Both the state and the city are working to massively reduce their carbon emissions in the coming decades – and getting more people on trains and buses is a critical part of that plan. In 2020, gas and diesel-powered on-road vehicles belched out more than 11 million metric tons of greenhouse gasses, according to city data.
The city hopes to reduce vehicle traffic and increase revenue for the MTA by implementing congestion pricing, which advocates say would push drivers to take public transportation instead. Hochul has hesitated to embrace the plan — but Carroll said it’s necessary to bring needed revenue to the MTA and bring riders back.
“We desperately need to make sure that we are fully funding the MTA, because if we do not have consistent and reliable service, this entire system could go into a death spiral where more and more people decide to opt-out,” he said. “We can bring back that ridership … [by] fully implementing congestion pricing this year. We took a hard vote in 2019 to get this done, this governor cannot rip that from us.”
The four participants — Gounardes, Carroll, Mamdani, and one of Simon’s staffers, filling in for Simon herself — took the race to the next level by loading themselves up with grocery bags, backpacks, and even a little stroller with a baby doll to recreate the conditions of an actual commute.
They weaved through straphangers on the stairs and escalators, leaving a trail of confusion and dropped produce in their wake. Mamdani took first place, with Gounardes at a self-described “close second.”

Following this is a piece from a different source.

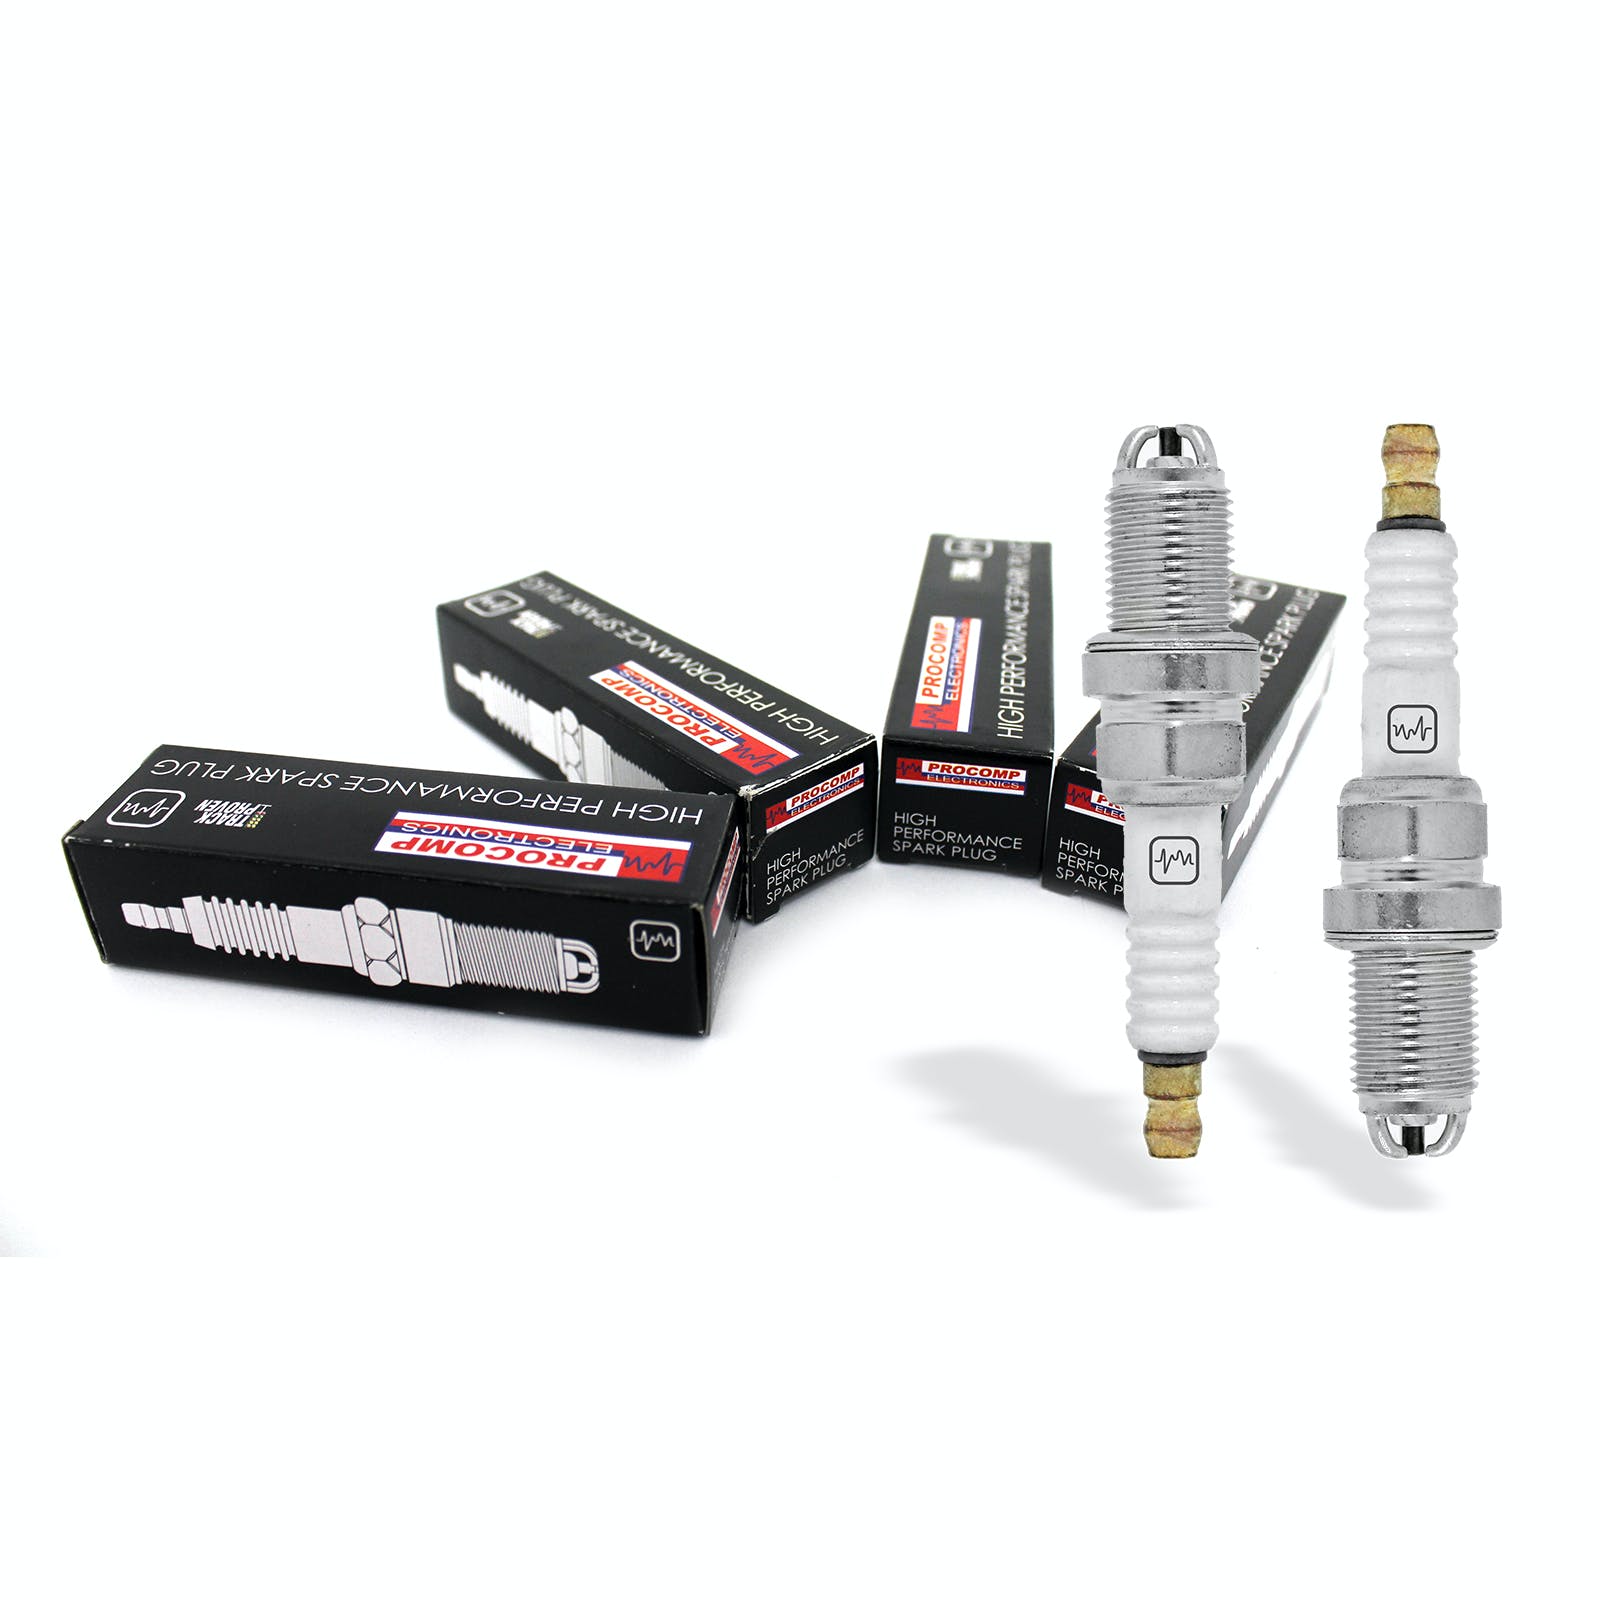 Speedmaster PCE444.1001 Racing Copper Core Gasket Seal Triple Electrode Spark Plugs (Qty. 4)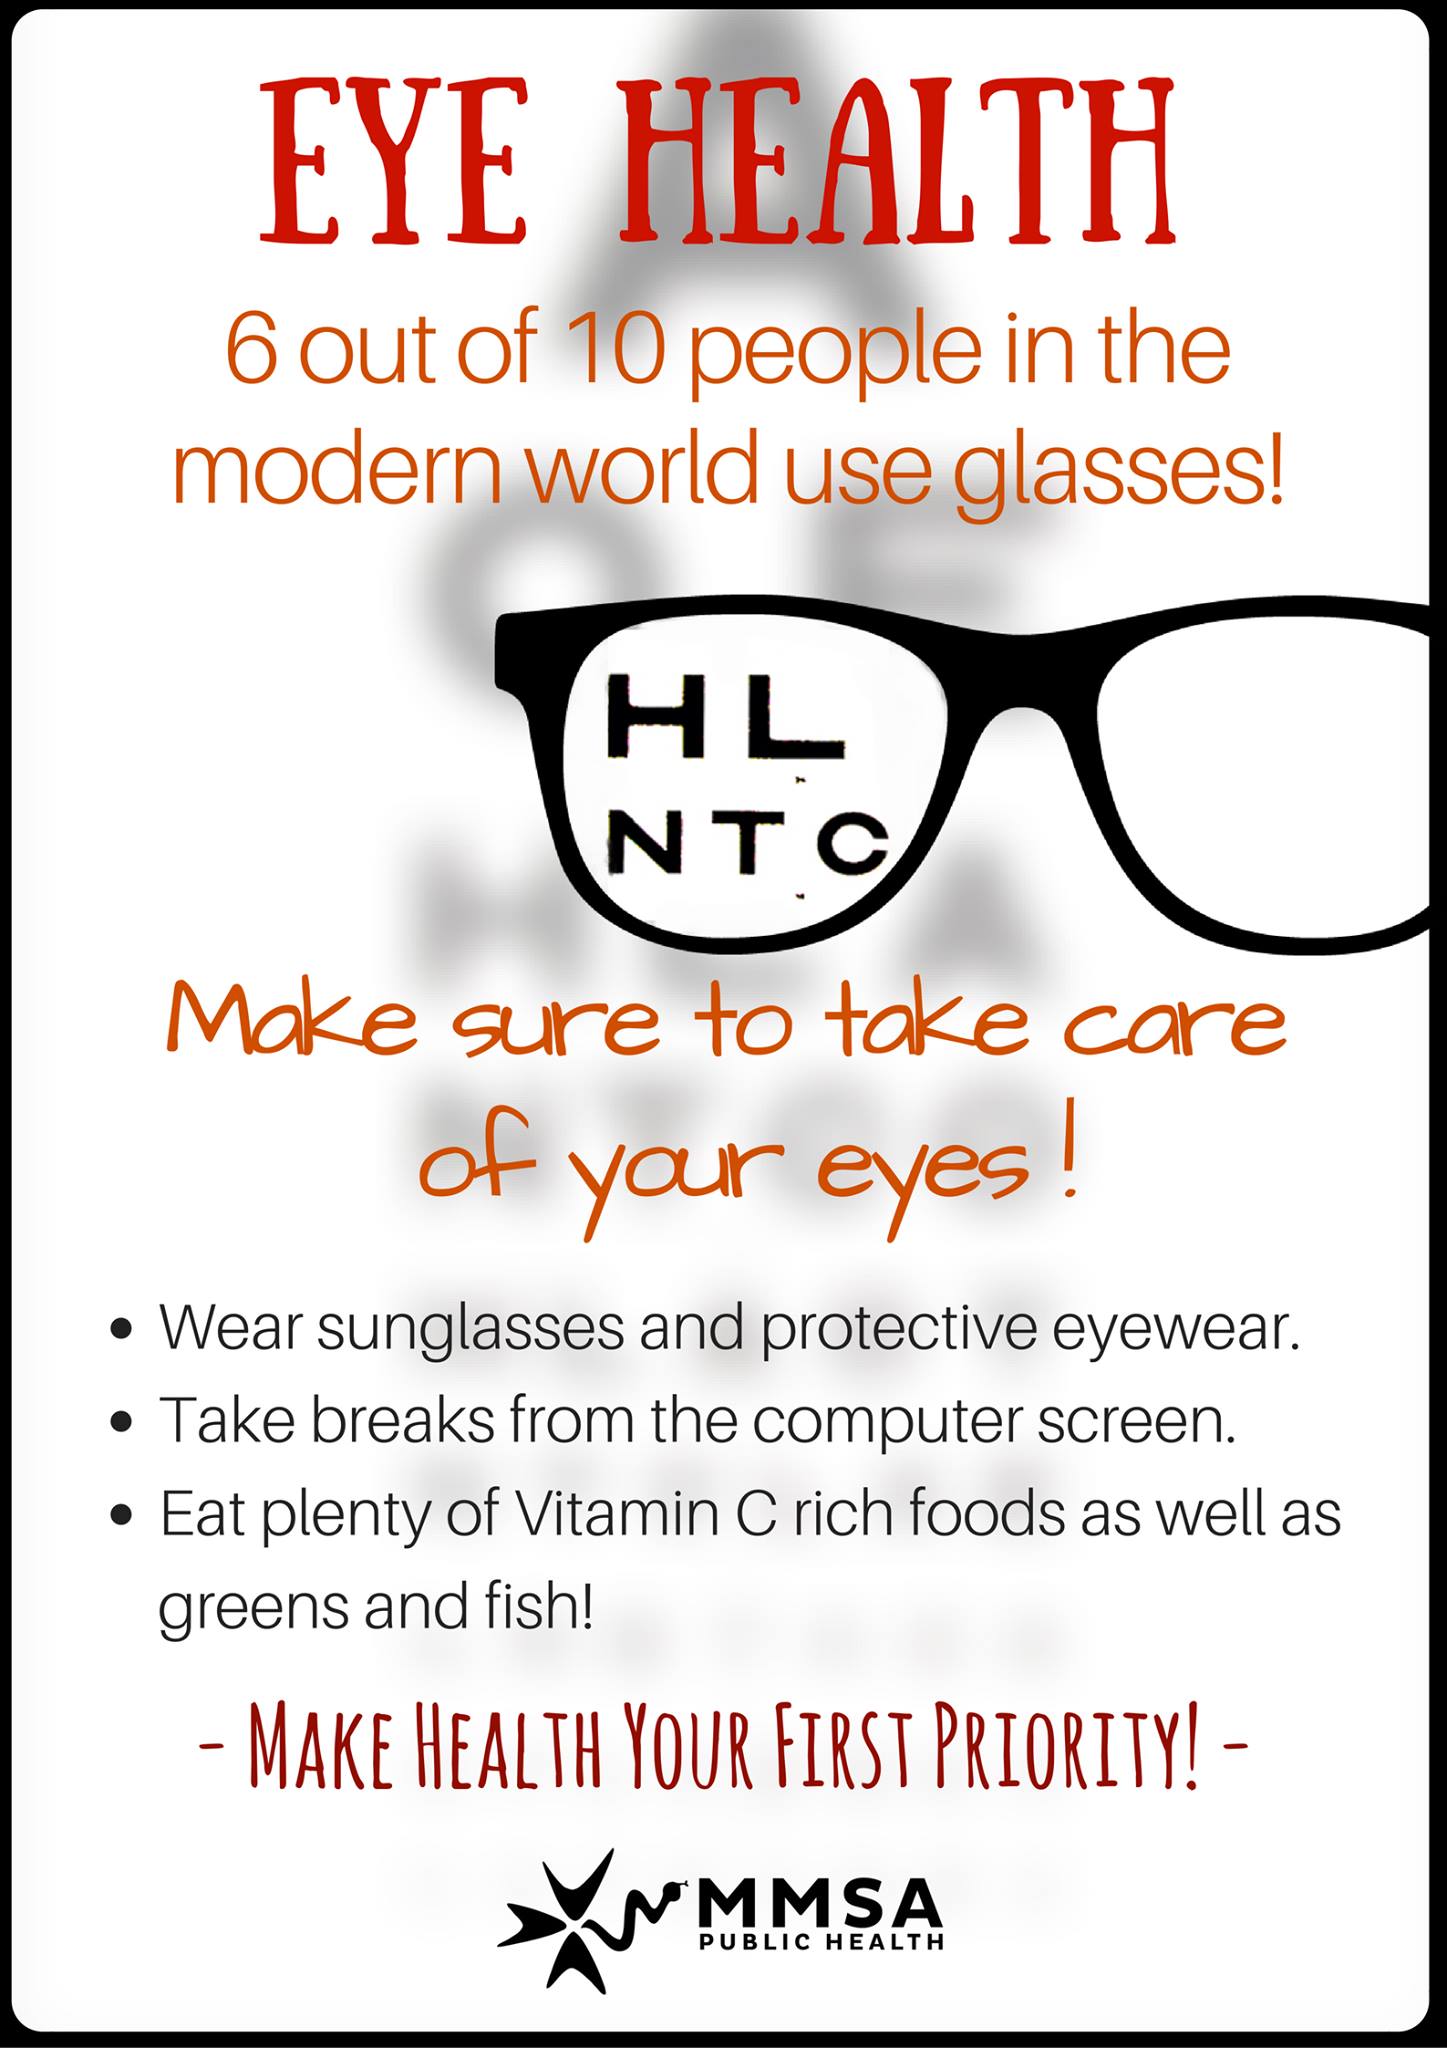 Eye Health campaign by the MMSA

A one-time cash infusion isn’t a panacea for the MTA’s issues — the agency is reportedly on-track to run out of federal funds by 2024, and doesn’t have a clear source for additional cash beyond fares.
Gounardes said he and his colleagues are working on longer-term fixes in the statehouse with an in-progress package called “Fix the MTA.”
“Right now, the budget is primarily made up of rider revenues, and that’s not sustainable,” Gounardes said. “So we’re looking at additional funding sources … with a budget of $227 billion for the state, that’s a lot of money, there’s no reason why we can’t put an additional $300-400 million into this system.”